The graphical entry of passwords is initially an attempt to thwart keyloggers. When such things began to appear, keyloggers naturally evolved (the people who write keyloggers have not stopped developing them; they adapt to new conditions) and modern keyloggers are also mouseloggers which record, for each click, a partial snapshot of the screen (a small area surrounding the click point).
Another reason why some banks use graphical password entry methods is because they do not like Web browsers which remember passwords. This can be for legal technicalities: if the browser remembers the password, then the user is not entering it, and this may make it more difficult for the bank in case of some conflict between the bank and the user. But, in practice, as a security measure, the graphical password backfires: if the user cannot have his browser remember the password, he will use another storage medium, for instance a stick-up note.
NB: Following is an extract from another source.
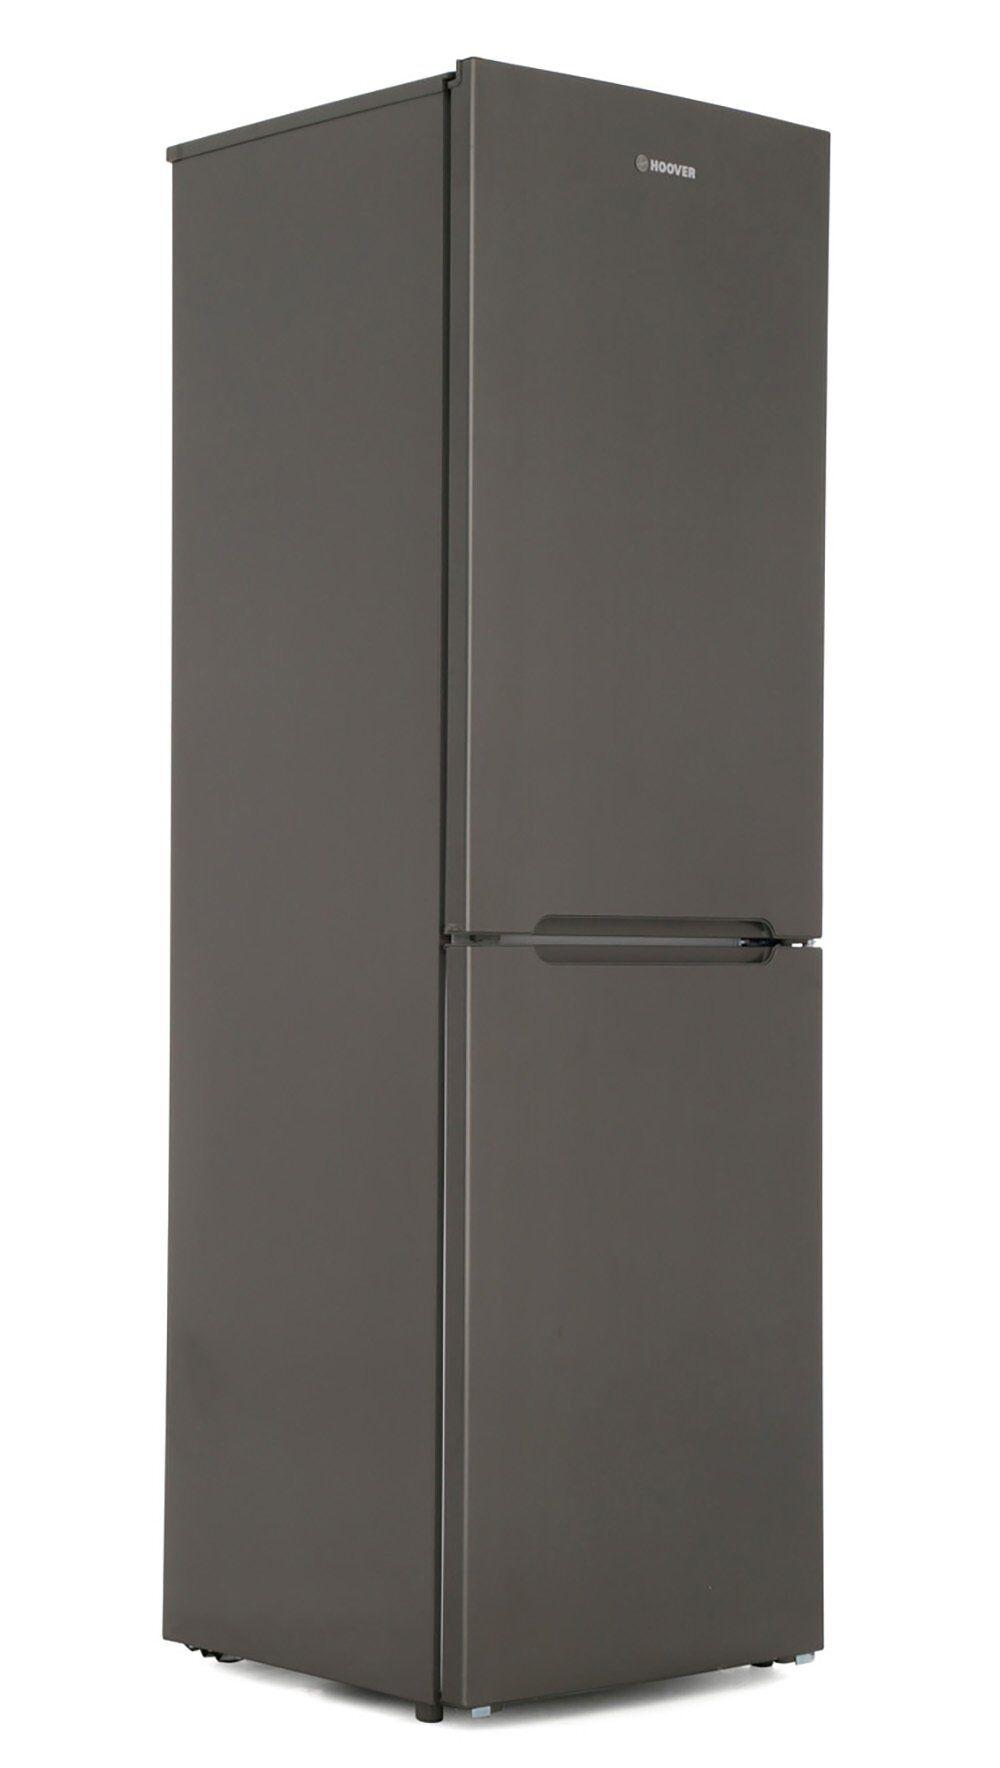 Hoover Frost Free Fridge Freezer - White - F Rated - HCF5172XK

A more compelling reason, for a bank, to implement a graphical reason is trust management. The banking system foundation is trust: a bank is an entity to which you give your money, on the belief that it will give it back to you whenever you want. But since the bank uses that money (to lend it to other people), it intrinsically relies on the idea that not all its customers will want their money back simultaneously (that would be a bank run). As long as all the customers share that idea, the bank lives. That's the reason why bank buildings are always impressive (in the 19th century, they were all full of stone pillars and iron and marble, with extremely "massive" architecture): this is a conscious display of stability and robustness, so that you think of the bank in those terms.
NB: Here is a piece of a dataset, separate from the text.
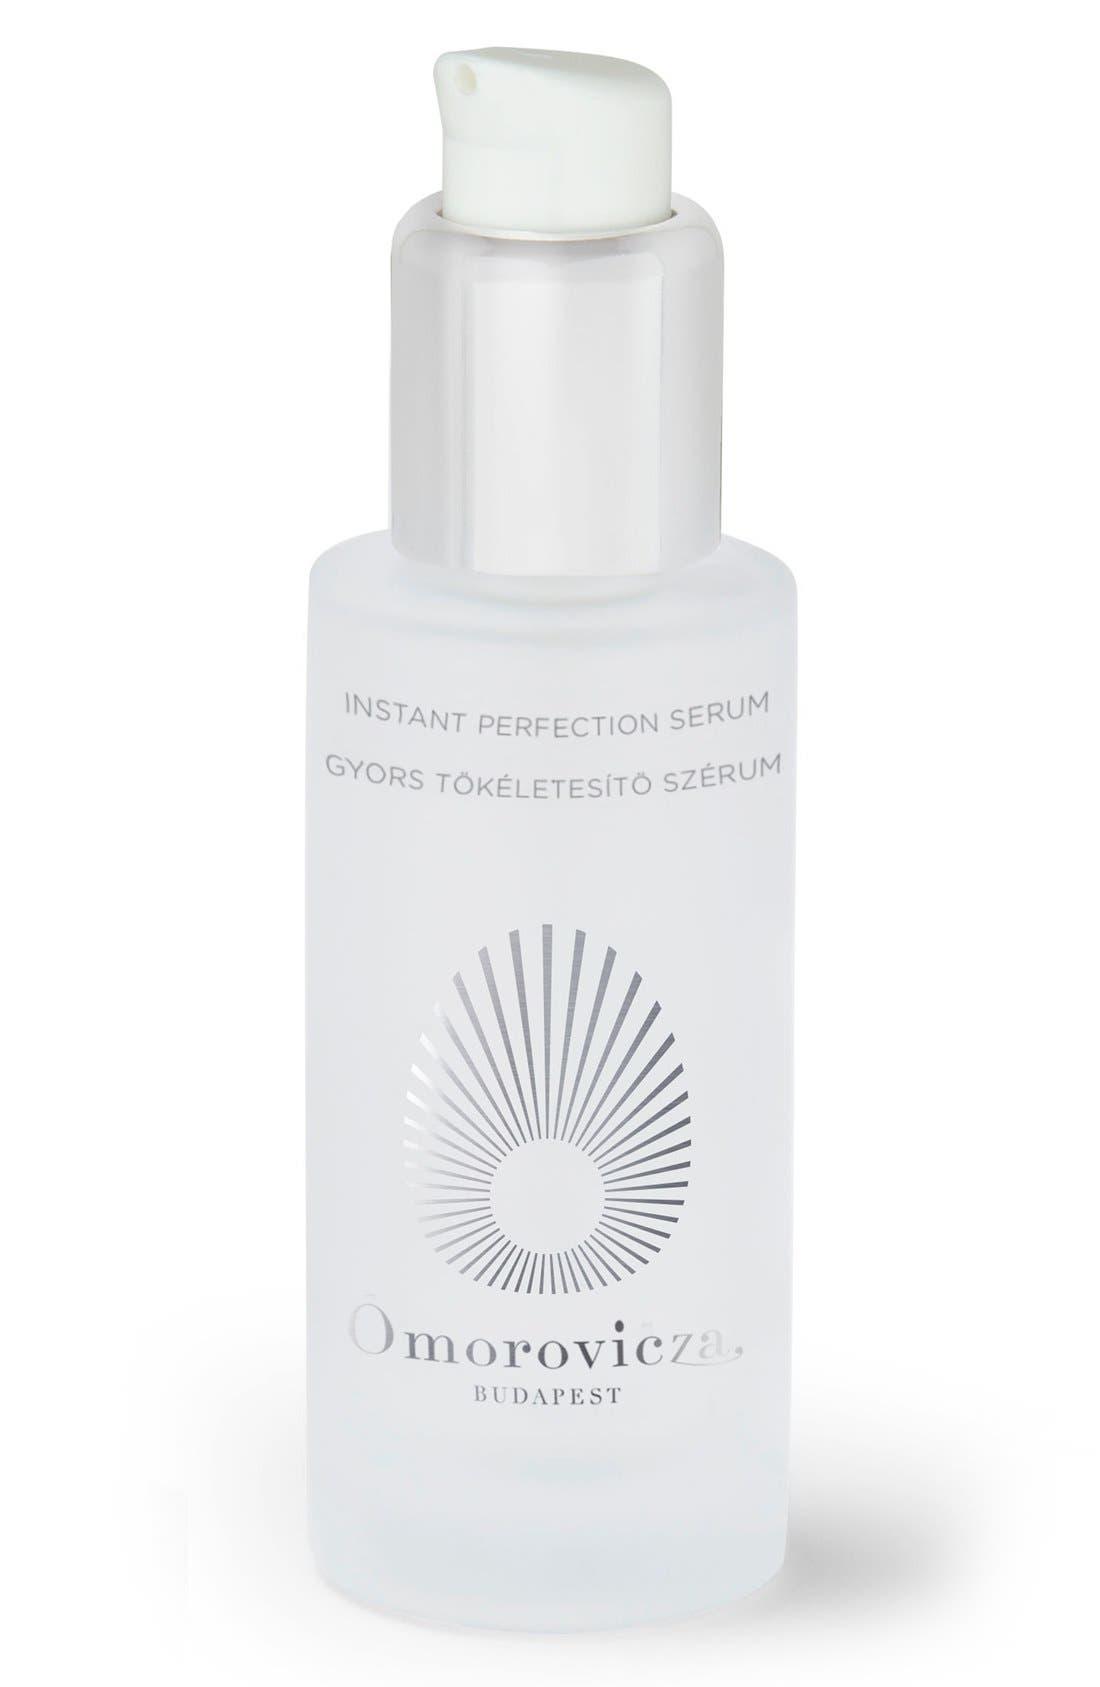 Omorovicza 'Instant Perfection' Serum

In the age of the Internet, the graphical password entry is a stone pillar: it establishes a firm psychological distance between the bank and the less serious sites. It would not look good if the online bank Web site was too similar to the site you use to order a pizza. When they log into their bank account, the customers must have a feeling that they enter a "high security" zone in which their safety is taken seriously. The "graphical password entry", like all things graphical, is a nice gimmick for that (humans are visual animals, they react strongly to what they see). The Web site of my bank does not have a graphical password entry, but it takes care to open a popup window with a picture of a padlock, for the same reasons.